The cast also includes Claire Foy (Little Dorrit) as the future queen Anne Boleyn, Bernard Hill (Five Days) as the king's military commander the Duke of Norfolk, Anton Lesser (Endeavour) as Thomas More, Mark Gatiss (Sherlock) as Cromwell’s rival advisor Stephen Gardiner, Joanne Whalley (The Borgias) as Henry's spurned first wife, Katherine of Aragon, and Jonathan Pryce (Cranford) as Cardinal Wolsey, the powerful Lord Chancellor who recognized Cromwell's potential.

Also appearing are Mathieu Amalric (The Grand Budapest Hotel) as the Spanish ambassador Eustace Chapuys, Charity Wakefield (Sense & Sensibility) as Anne Boleyn's sister Mary, Richard Dillane (The Dark Knight) as the king's brother-in-law the Duke of Suffolk, Thomas Brodie-Sangster (Game of Thrones) as Cromwell's ward Rafe Sadler, Natasha Little (Breathless) as Cromwell's wife, Liz, and Saskia Reeves (Worricker) as her sister Johane.

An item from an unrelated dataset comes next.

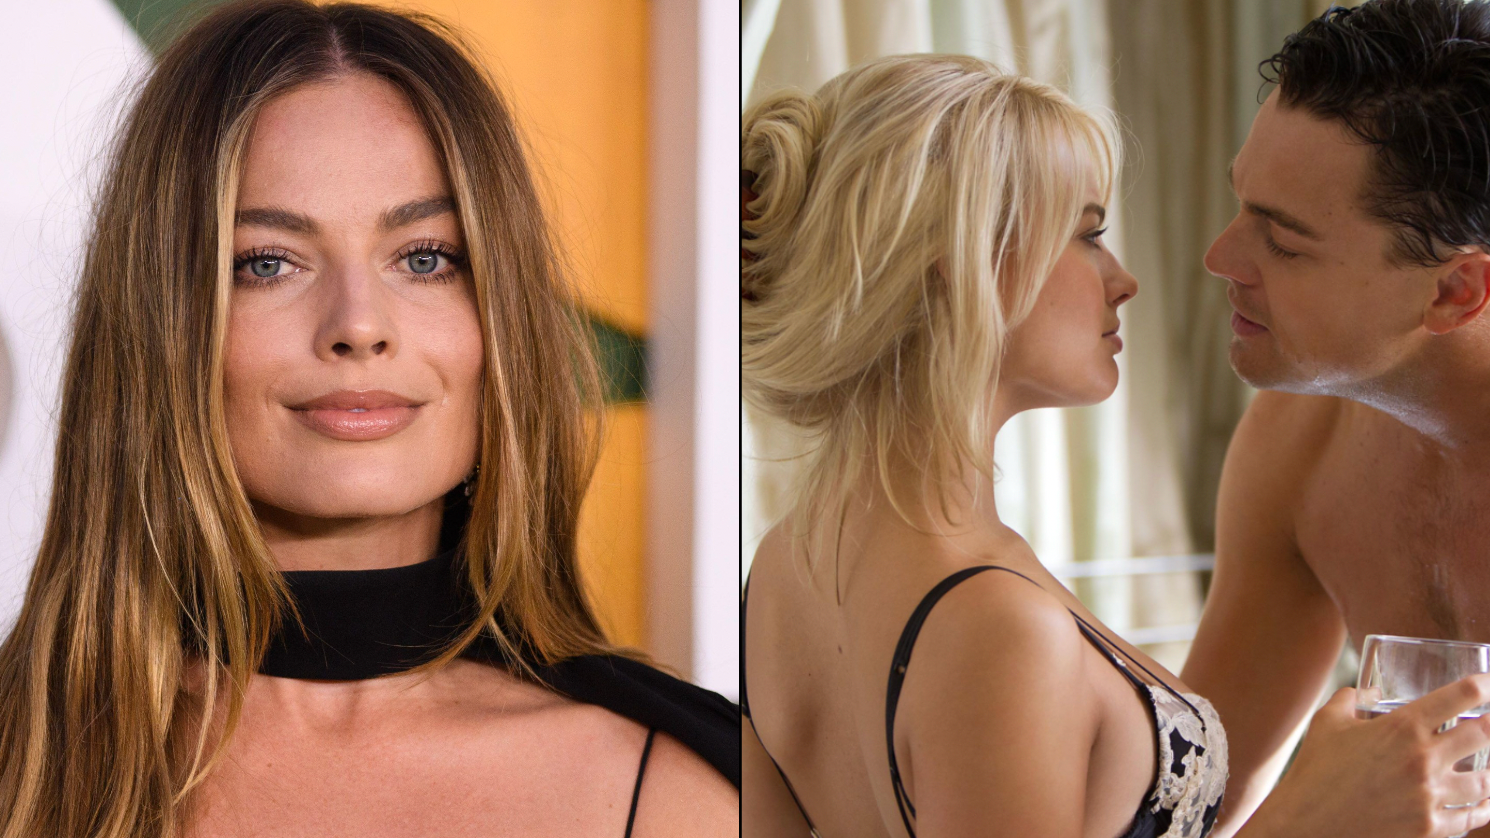 chris capezza recommends margot robbie boobs pic

The novel Wolf Hall was hailed as “dazzling…historical fiction at its finest” (Bloomberg.com), “spellbinding” (The New York Times) and “a brilliant portrait of a society in the throes of disorienting change” (Washington Post). And Bring Up the Bodies inspired the following “(Mantel’s) characters are real and vivid people who bring to life the clash of ideals that gripped England at the time. She makes the past present and vital” (The Economist).

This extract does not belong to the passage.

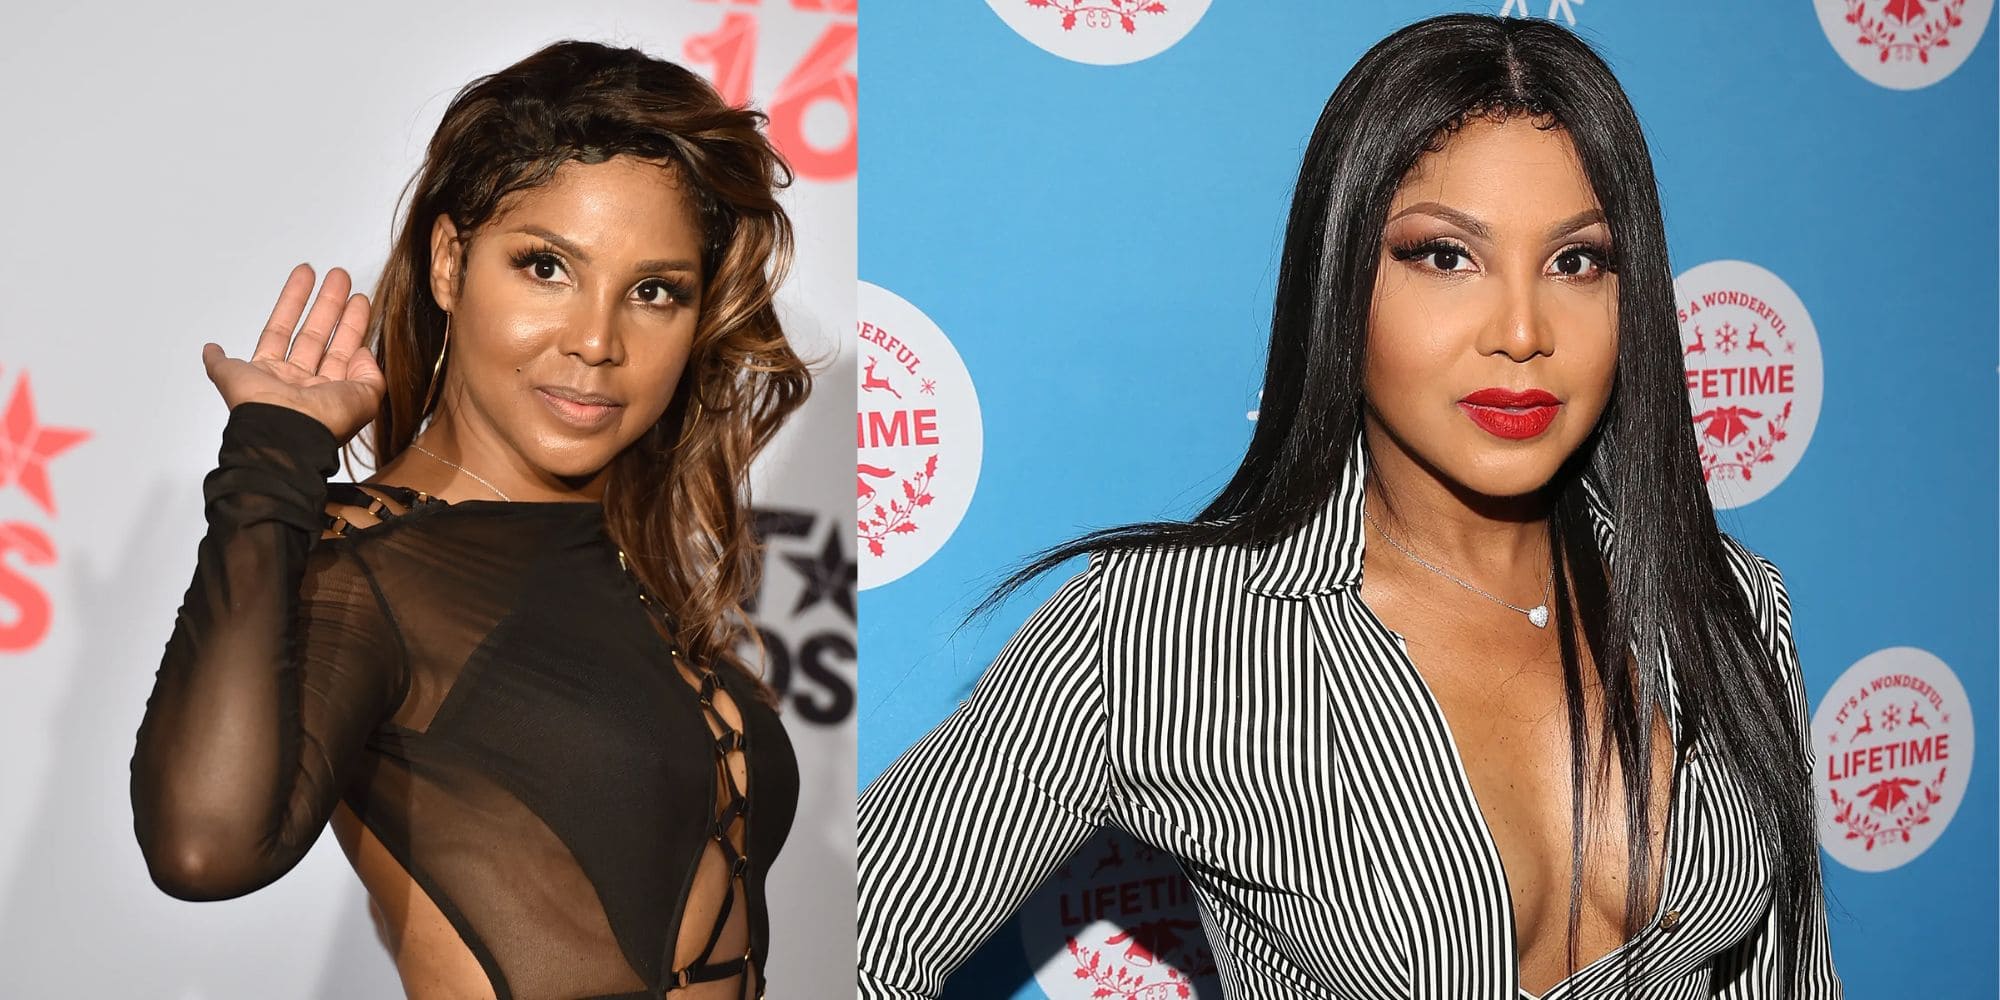 Who is Toni Braxton Dating Now? Did She Break Up with Toni Braxton?

Wolf Hall is a Playground Entertainment and Company Pictures production for BBC and MASTERPIECE in association with BBC Worldwide, Altus Media and Prescience. Executive producers are John Yorke for Company Pictures, Polly Hill, BBC Head of Independent Drama, for BBC TWO, Rebecca Eaton for MASTERPIECE, Martin Rakusen and Ben Donald for BBC Worldwide and Tim Smith for Prescience. Associate producer is Sonia Friedman for Sonia Friedman Productions. Executive Producer is Colin Callender. Producer is Mark Pybus. The writer is Peter Straughan. The director is Peter Kosminsky. MASTERPIECE is presented on PBS by WGBH Boston. Rebecca Eaton is Executive Producer. Viking River Cruises is the exclusive corporate funder of Wolf Hall on MASTERPIECE on PBS, with additional funding provided by The MASTERPIECE Trust.

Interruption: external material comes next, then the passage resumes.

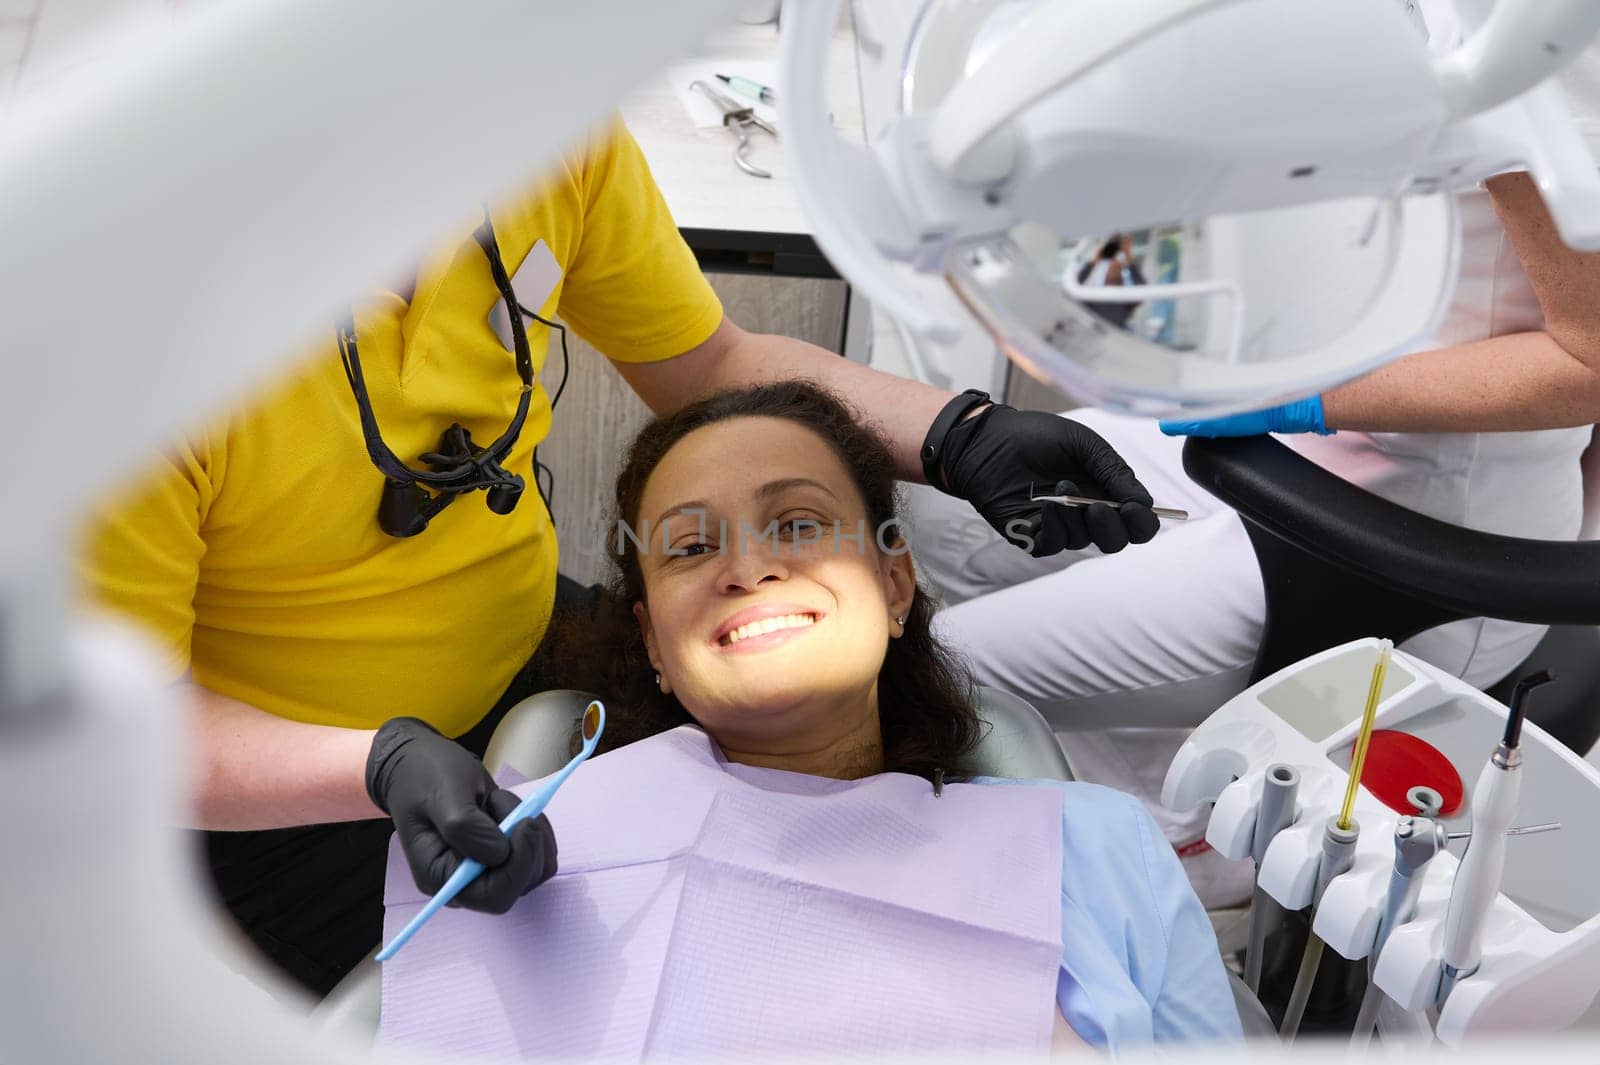 Close-up portrait of a smiling young pregnant woman in dentist's chair getting a dental consultation in dentistry clinic. Pregnancy. Dental health and oral cavity care concept. Doctor treats teeth.

PBS is the home for drama on Sunday nights this winter/spring season. Viewers are transported back to the 1960s for heartwarming tales of the nuns and midwives of Poplar’s neighborhood, when season four of Call the Midwife returns on March 29 at 8:00pm ET. Also premiering that same night at 9:00pm is MASTERPIECE’s Mr. Selfridge, Season 3, starring Jeremy Piven as the flamboyant American entrepreneur of London department store fame.


PLAYGROUND is an independent theater and television company founded by Emmy and Tony Award-winning producer Colin Callender in 2012. Last year Playground received five Emmy and six Golden Globes nominations, with Jacqueline Bisset winning Best Supporting Actress for Stephen Poliakoff’s DANCING ON THE EDGE. Productions this year include the critically acclaimed Golden Globe- nominated THE MISSING starring James Nesbitt and Frances O’Connor for BBC and Starz, and the BBC/Masterpiece mini-series WOLF HALL based on Hilary Mantel’s best-selling novels starring Mark Rylance, Damian Lewis and Claire Foy. Playground is currently in pre-production on the television adaptation of Ronald Harwood’s THE DRESSER starring Anthony Hopkins and Ian McKellen directed by Richard Eyre for BBC.


On Broadway, Playground produced Nora Ephron’s multiple Tony-nominated LUCKY GUY starring Tom Hanks, this season’s Tony nominated CASA VALENTINA by Harvey Fierstein and Ken Branagh’s New York debut in MACBETH. Currently on Broadway are Jez Butterworth’s THE RIVER starring Hugh Jackman and HEDWIG AND THE ANGRY INCH, winning Callender a Tony Award for Best Musical Revival.